[Stored data]
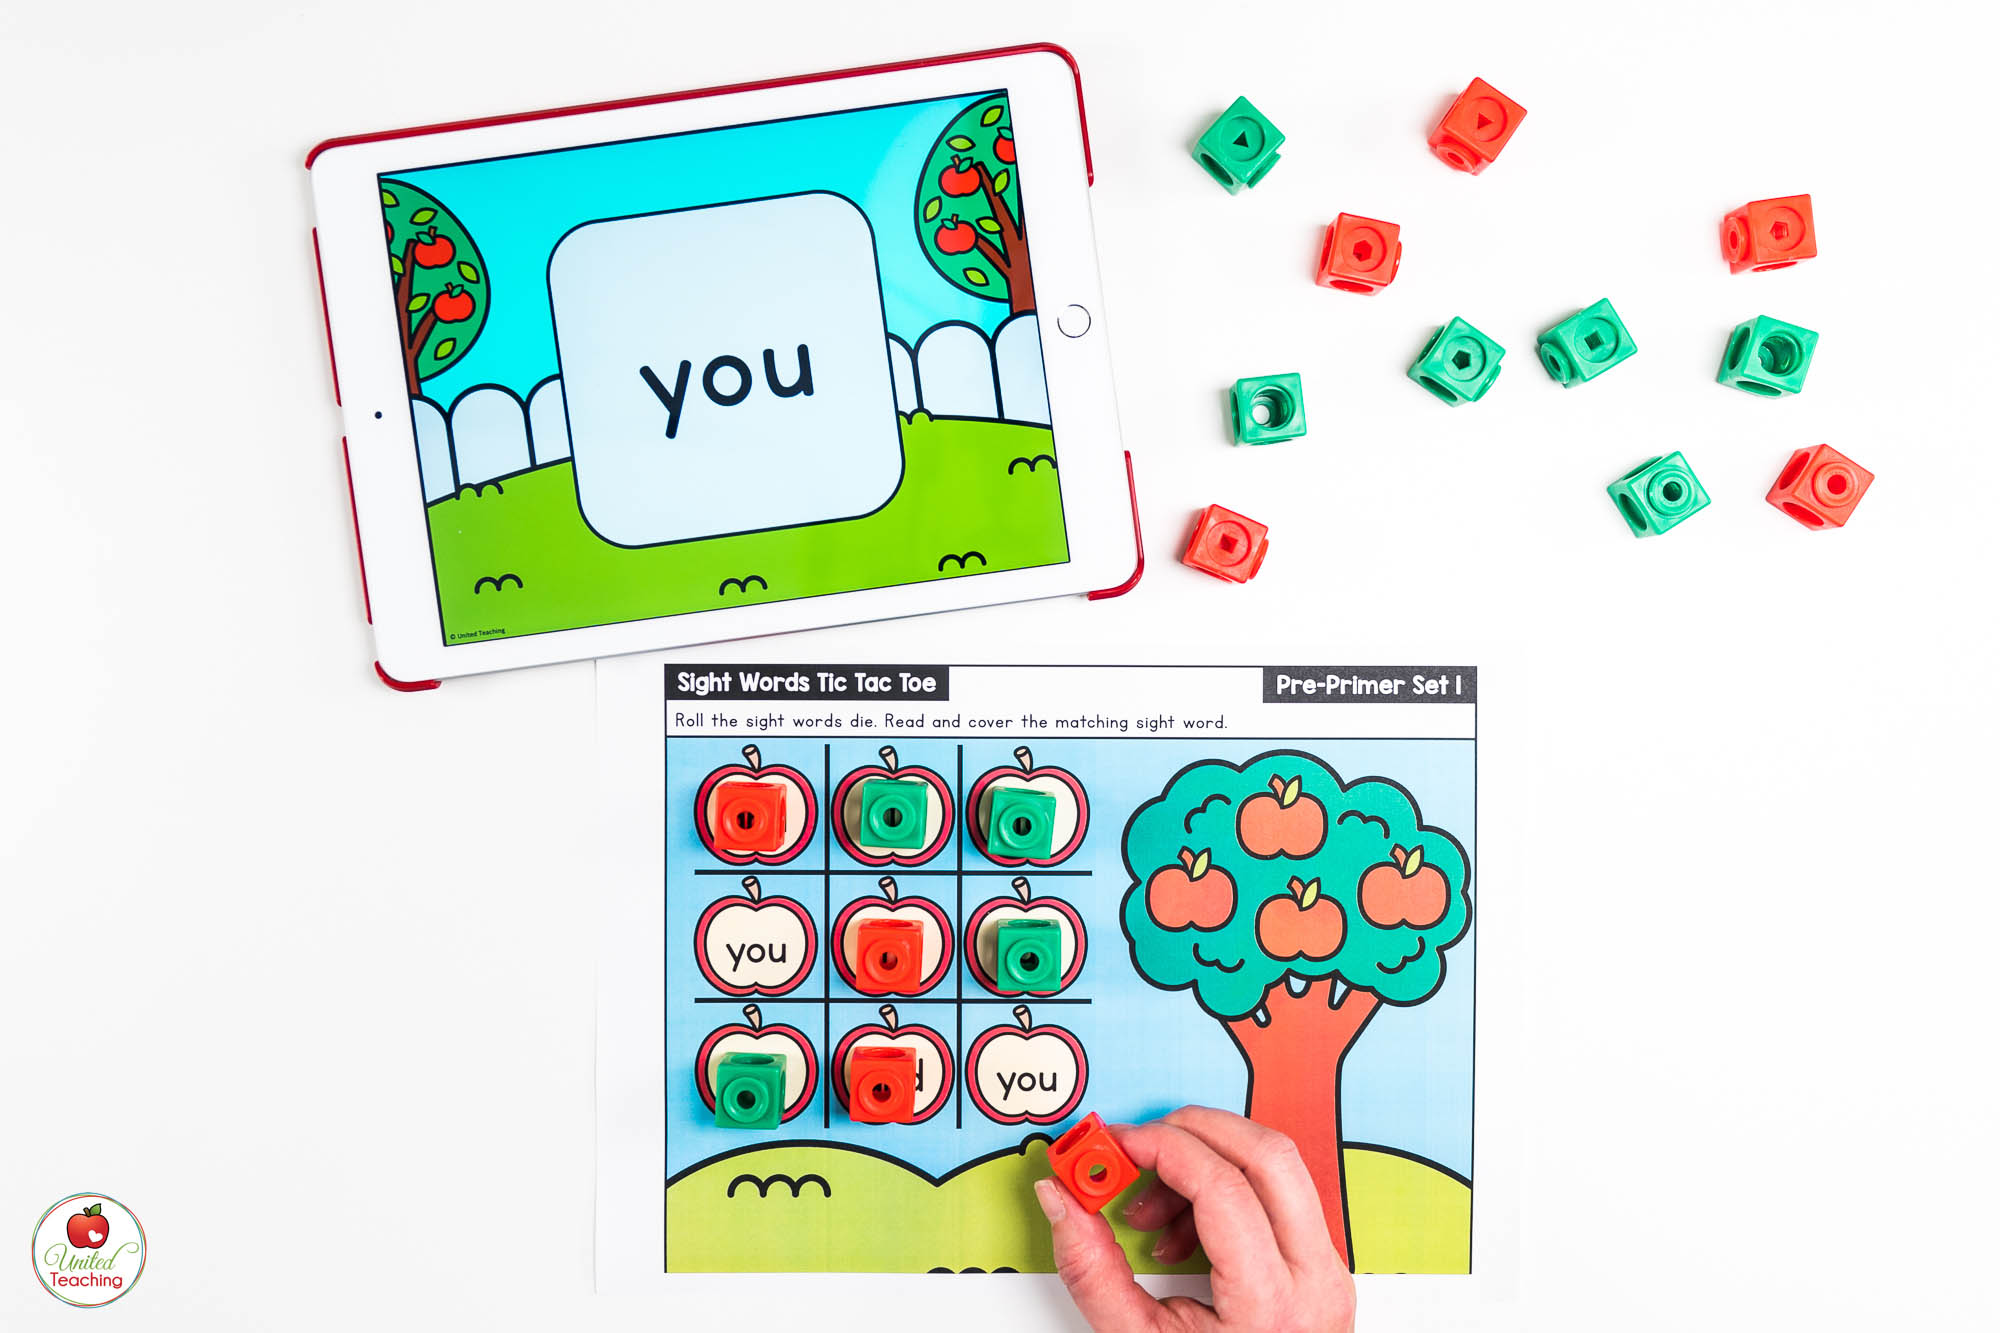 Sight Words Tic Tac Toe Fall Literacy Center with Digital Dice
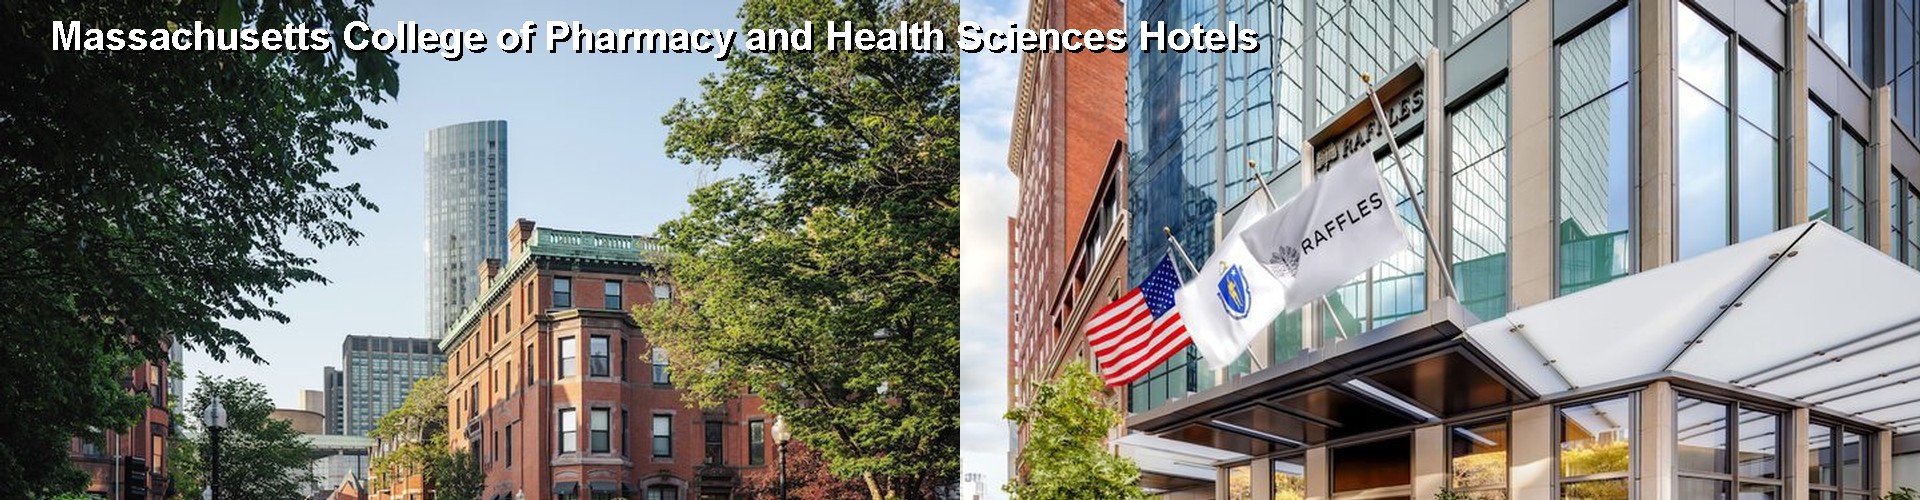 5 Best Hotels near Massachusetts College of Pharmacy and Health Sciences
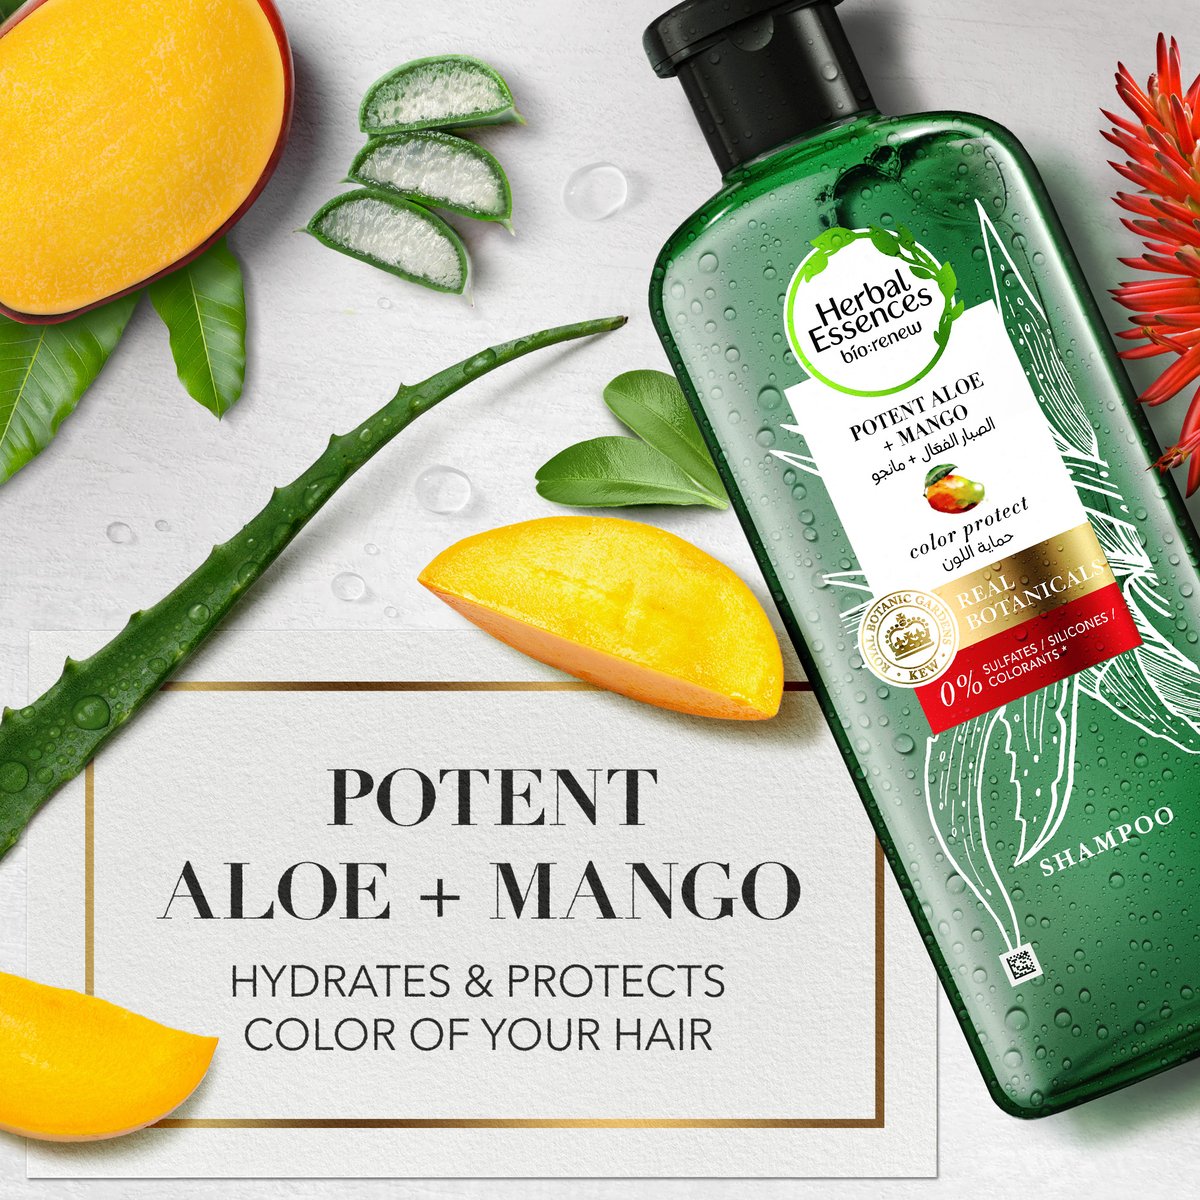 Herbal Essences Sulfate Free Potent Aloe + Mango Shampoo 400 ml & Conditioner for Dry Hair and Frizzy Hair 400 ml
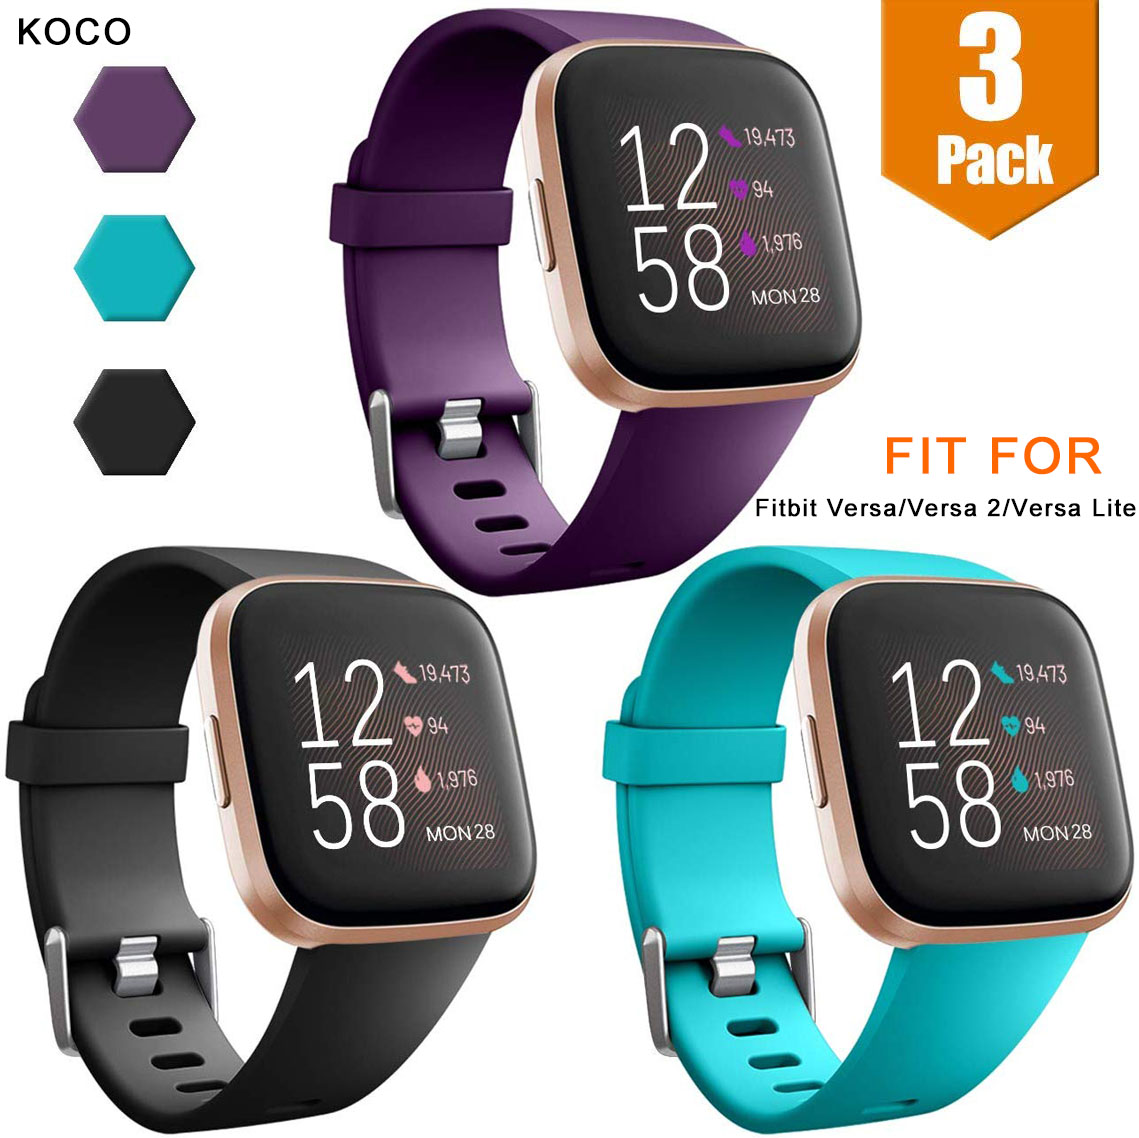 Soft Silicone Sport Strap Replacement Wristband with Ventilation Holes for Fitbit Versa Fitbit Versa Lite for Women and Men Coperr 4 Packs Bands Compatible with Fitbit Versa/Fitbit Versa 2 
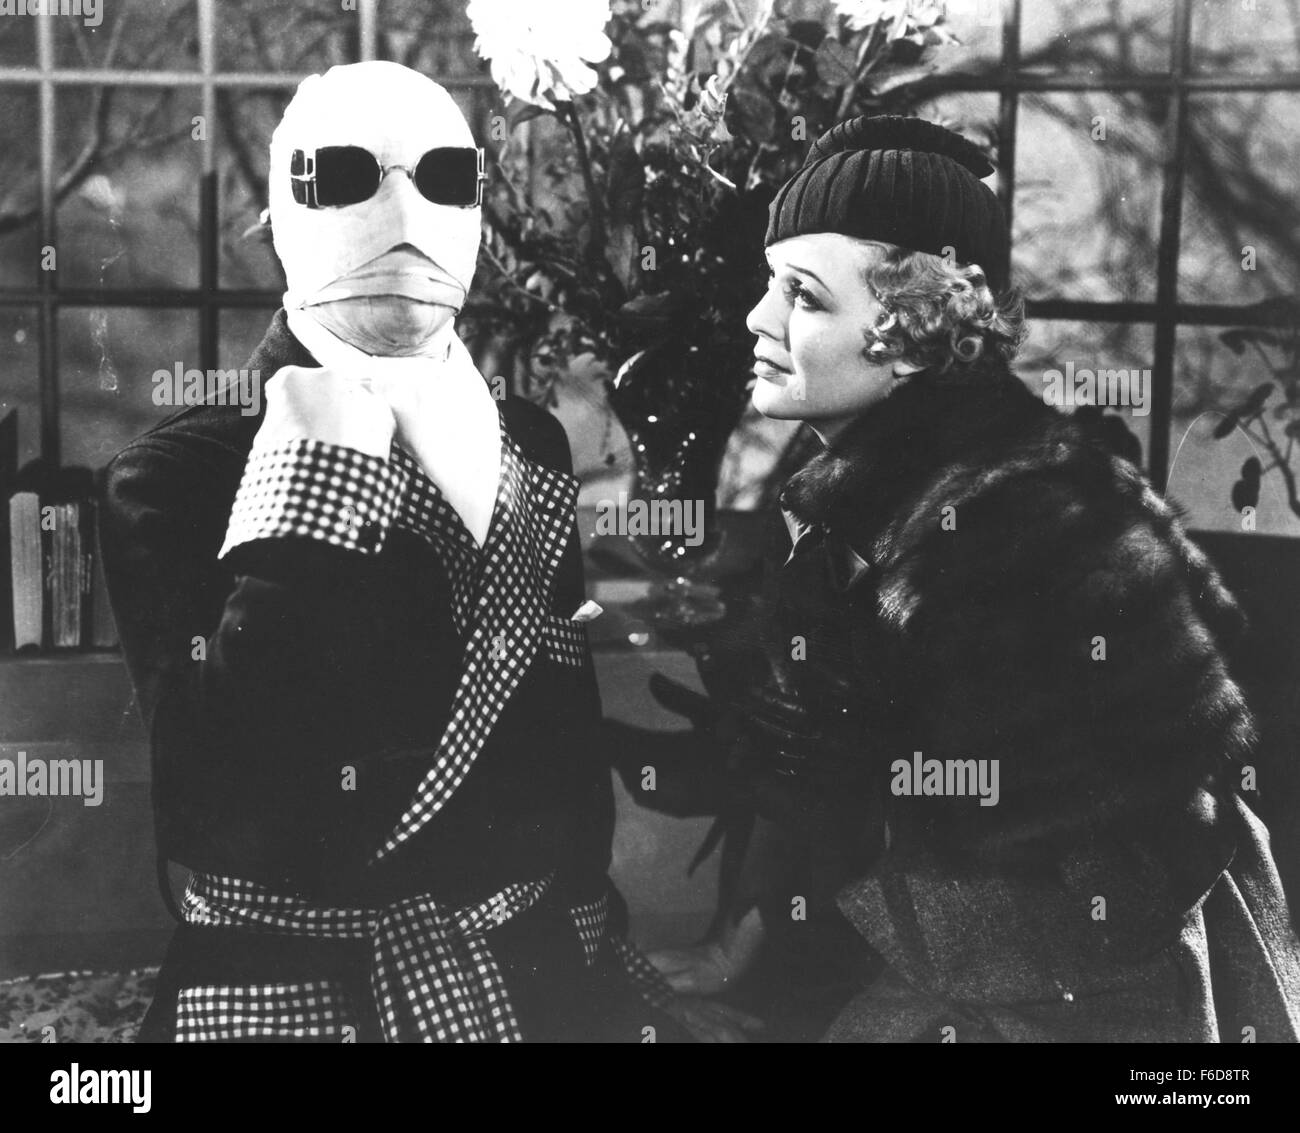 RELEASE DATE: November 13, 1933. MOVIE TITLE: The Invisible Man. STUDIO: Universal Pictures. PLOT: A mysterious man, whose head is completely covered in bandages, wants a room. The proprietors of the pub aren't used to making their house an inn during the winter months, but the man insists. They soon come to regret their decision. The man quickly runs out of money, and he has a violent temper besides. Worse still, he seems to be some kind of chemist and has filled his room with messy chemicals, test tubes, beakers and the like. When they try to throw him out, they make a ghastly discovery. Mea Stock Photo

> **Required action**:
Copy out all the records exactly, excluding pictures.

> **Response box**:
 Sight Words Tic Tac Toe Fall Literacy Center with Digital Dice
 5 Best Hotels near Massachusetts College of Pharmacy and Health Sciences
 Herbal Essences Sulfate Free Potent Aloe + Mango Shampoo 400 ml & Conditioner for Dry Hair and Frizzy Hair 400 ml
 Soft Silicone Sport Strap Replacement Wristband with Ventilation Holes for Fitbit Versa Fitbit Versa Lite for Women and Men Coperr 4 Packs Bands Compatible with Fitbit Versa/Fitbit Versa 2 
 RELEASE DATE: November 13, 1933. MOVIE TITLE: The Invisible Man. STUDIO: Universal Pictures. PLOT: A mysterious man, whose head is completely covered in bandages, wants a room. The proprietors of the pub aren't used to making their house an inn during the winter months, but the man insists. They soon come to regret their decision. The man quickly runs out of money, and he has a violent temper besides. Worse still, he seems to be some kind of chemist and has filled his room with messy chemicals, test tubes, beakers and the like. When they try to throw him out, they make a ghastly discovery. Mea Stock Photo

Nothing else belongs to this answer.